E-Pluribus | March 11, 2024
Journalism and religion; everybody just calm down; and how Hamas inflates the casualty count.
A round-up of the latest and best musings on the rise of illiberalism in the public discourse:
Andrew T. Walker: Journalism Has a Religion Problem
Journalists clearly cannot be experts on every topic they cover. For that reason, they should approach every issue with a certain degree of detachment and neutrality. Writing for National Review, Andrew Walker says mainstream journalists are especially bad at this when it comes to religion—assuming they are striving for objectivity in the first place.
Journalism has a religion problem. More specifically, journalists are either unaware or unwilling to admit that their own views, presumably untouched by “religion,” are nonetheless passionately held convictions grounded, well, somewhere. What do I mean by that? Well, journalism that touches on religion and politics tends to see religious viewpoints as carrying a special burden. It goes something like this: “Tell me, Mr. Pious, why a diverse population should accept your views on morality, considering they come from religion.”

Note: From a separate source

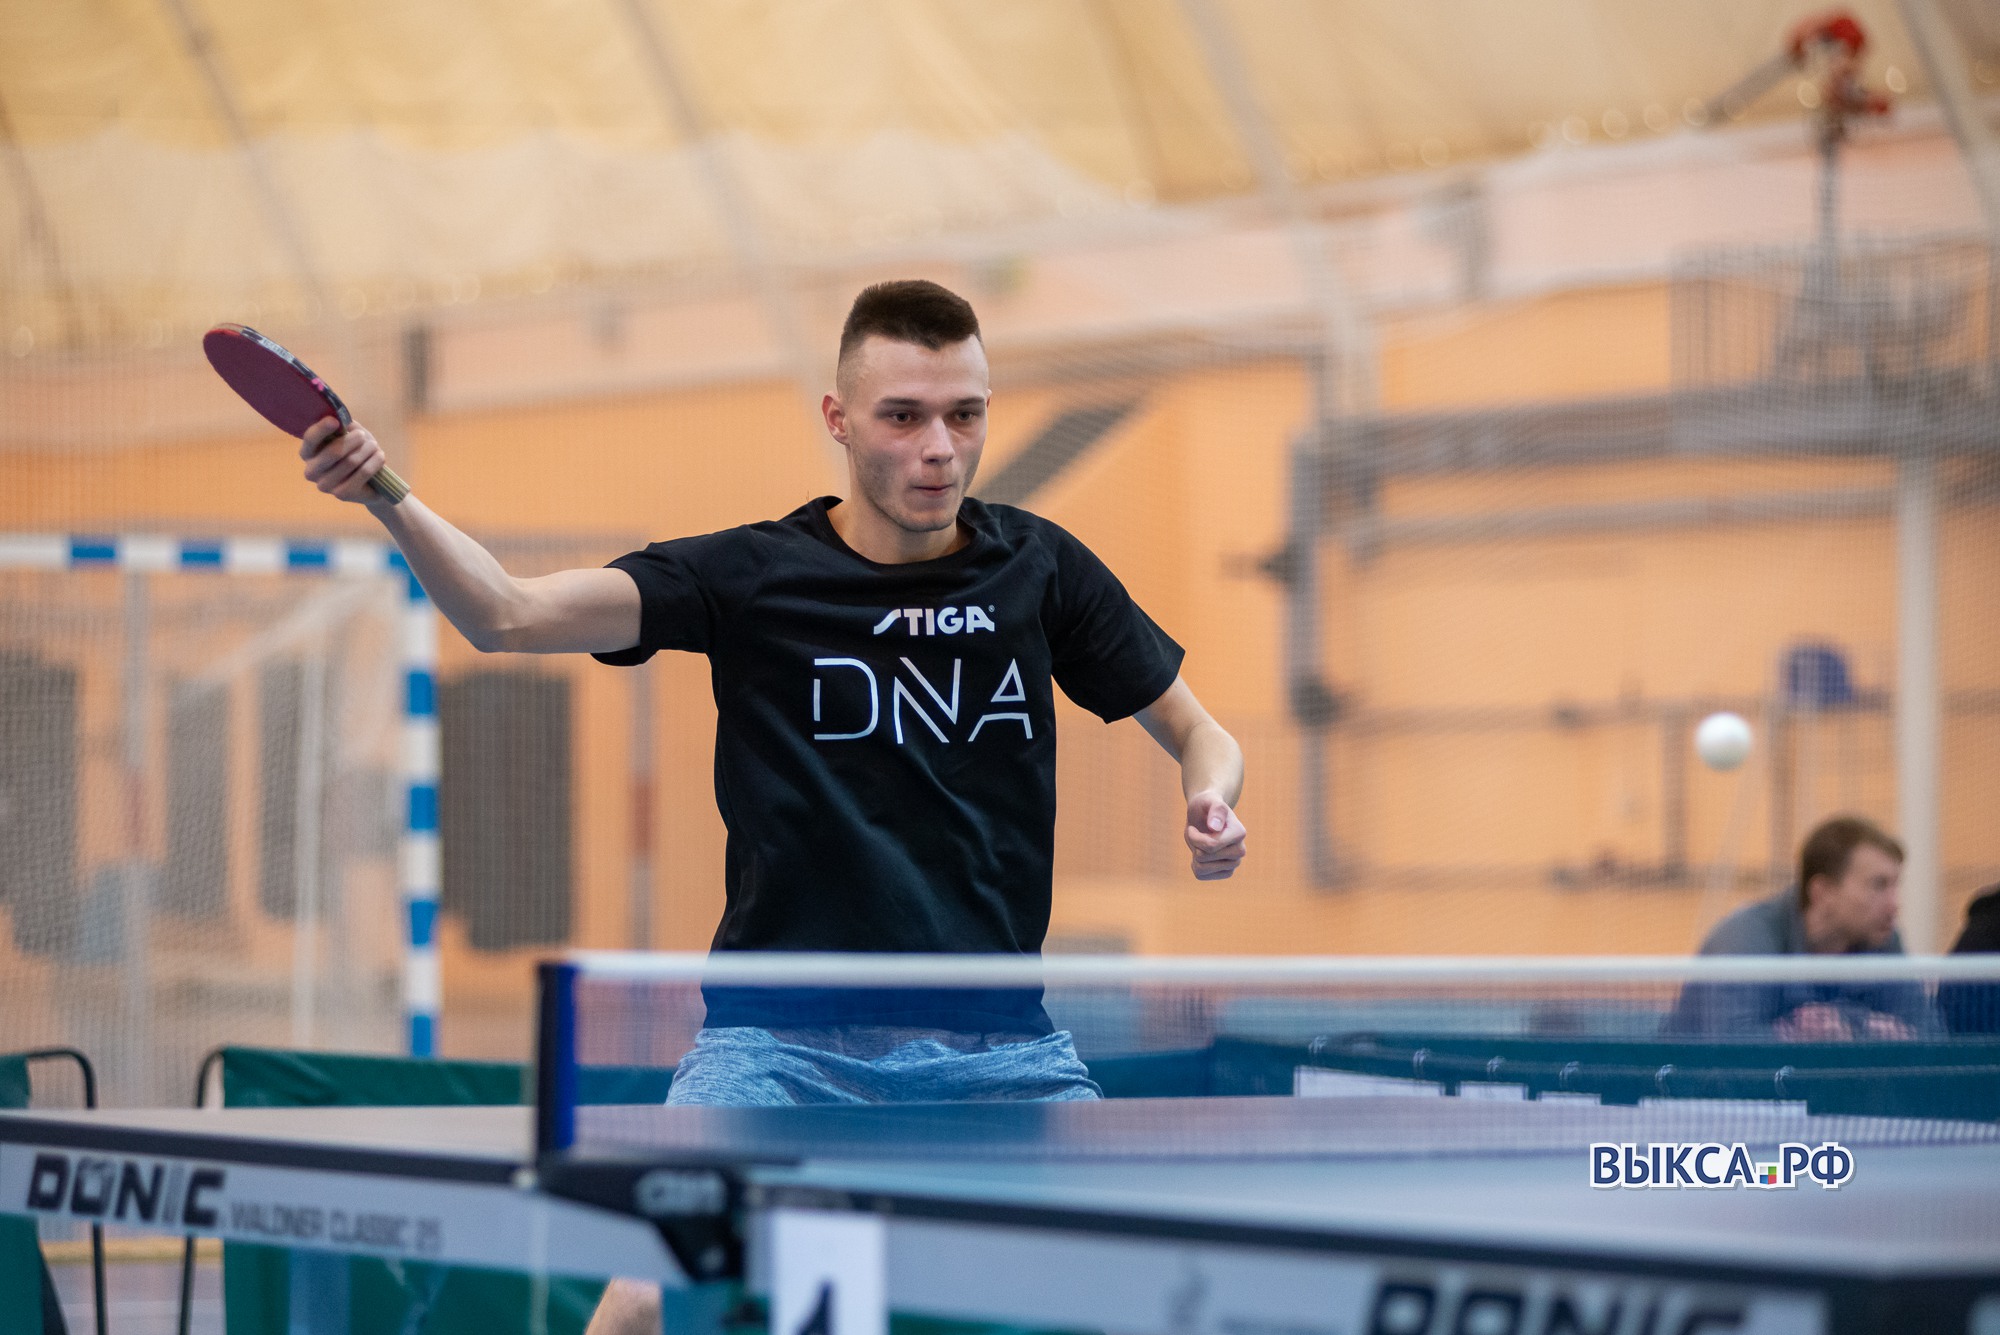 Теннисисту Дмитрию Давыдову присвоили звание кандидата в мастера спорта

I’ve had two interactions like this myself when speaking with journalists about religion, politics, and ethics. For example, I was once asked why it would be okay for a Christian florist to decline making flowers for a same-sex wedding. I was asked, “Is that not imposing someone’s religious values on someone else?” I recall telling this journalist, “Well, the florist’s views are surely grounded in religion, but her views about marriage are not exclusively religious. This is a debate about what marriage is, not whether my religious claim is accurate or immediately relevant to the conflict at hand. In effect, this is a debate about a moral good that surely is grounded in theological realities from my perspective, but not limited to theological realities alone.” The crux of the issue, however, is that because the reporter saw a bright “religion” sign hanging over my head, she used that to force her own biases about secular neutrality on me. She did not see that her secular viewpoint about gay marriage was an imposition on me, though it was. As these types of debates get framed, it was okay for the florist to have her conscience mocked and punished. What could not happen was expecting the same-sex couple to act like adults and patronize a different florist in the marketplace, one that had no scruples about arranging flowers for a same-sex wedding.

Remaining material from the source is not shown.